A democracia é fundamental. Para os empresários, o respeito às regras, à lei, aos outros é especialmente relevante

Horácio Lafer Piva, Pedro Passos e Pedro Wongtschowski

O Globo

Muitos nos perguntam por que os empresários começam agora a falar de política. Por que escrevem artigos, participam de manifestações e assinam manifestos? O que lhes dá esse direito? O que existe por trás? Para começar, todos, evidentemente, têm direito à manifestação. Cada grupo profissional tem sua visão própria, seus cacoetes e ângulos de análise, que decorrem de experiência, formação, viés profissional e mesmo dos interesses.
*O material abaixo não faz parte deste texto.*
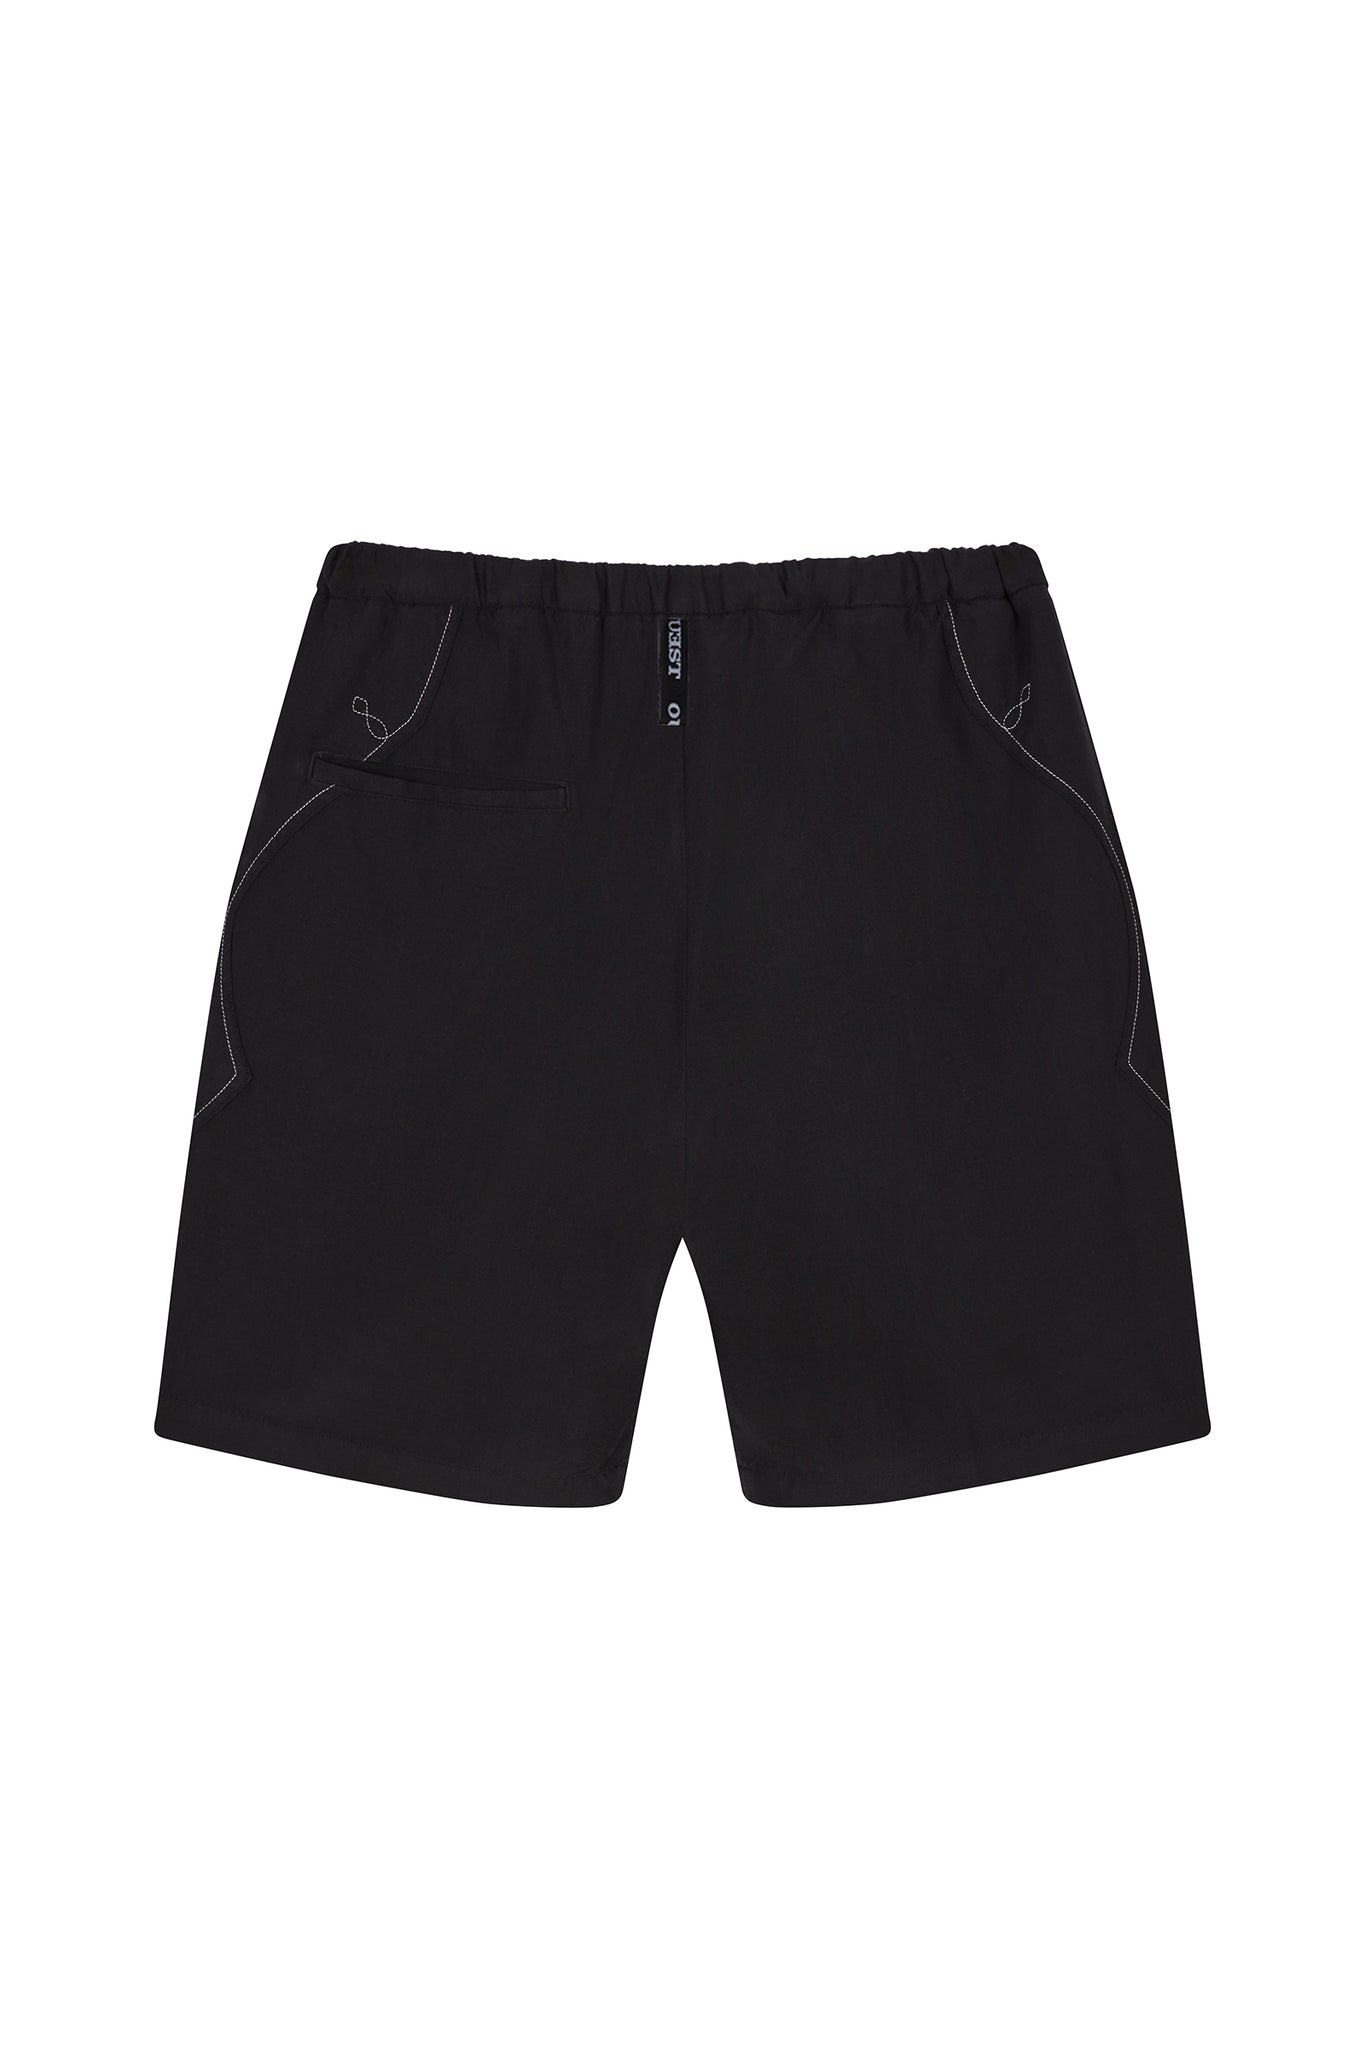 THE WESTERN CLIMBING SHORTS IN BLACK

Os empresários não fogem à regra. Têm uma forma própria de ver o mundo, que decorre da batalha que travam diariamente pela sobrevivência de seus negócios, pelo futuro de suas empresas, pela geração da riqueza que garantem a si e a todos os que os cercam: governo, fornecedores, clientes e colaboradores.

A democracia é fundamental. Para os empresários, o respeito às regras, à lei, aos outros é especialmente relevante. Assim como a concorrência leal, a isonomia competitiva em que todos estão sujeitos às mesmas normas. Não há, na democracia, espaço para autoritarismo, discriminação, tratamento diferenciado aos semelhantes. A liberdade é precondição para o pleno exercício da criatividade, para o surgimento de novas ideias, para a ciência e para a nova tecnologia. A restrição à liberdade acadêmica, além de moralmente inaceitável, é também economicamente perversa por implicar sempre, ao final, a restrição ao livre pensamento, à inventividade, à inovação empresarial. Justiça social, sobrevivência e dignidade de todos os cidadãos são também parte importante dessa equação. Miséria, fome, discriminação e desigualdade são intoleráveis, e nenhum Estado sobreviverá sem combatê-las com afinco.

Essas reflexões nos levam ao momento atual do Chile. Tido até há poucos anos como uma espécie de Suíça latino-americana, o país seguiu uma linha ultraliberal. Não tem nenhum banco público. Em 2019, tinha o maior PIB per capita da América Latina. Os empresários locais assumiram o controle da política. Os índices econômicos mostravam o sucesso da linha adotada, o rating do país subindo, atraindo investimentos estrangeiros, o PIB crescendo. De repente, tudo mudou. A população foi às ruas, e a violência levou o presidente a declarar estado de emergência. Um governo de esquerda, eleito como reação popular aos que levaram o Chile à situação de desigualdade, está agora em difícil situação. Uma nova Constituição foi rejeitada em referendo por 61% da população.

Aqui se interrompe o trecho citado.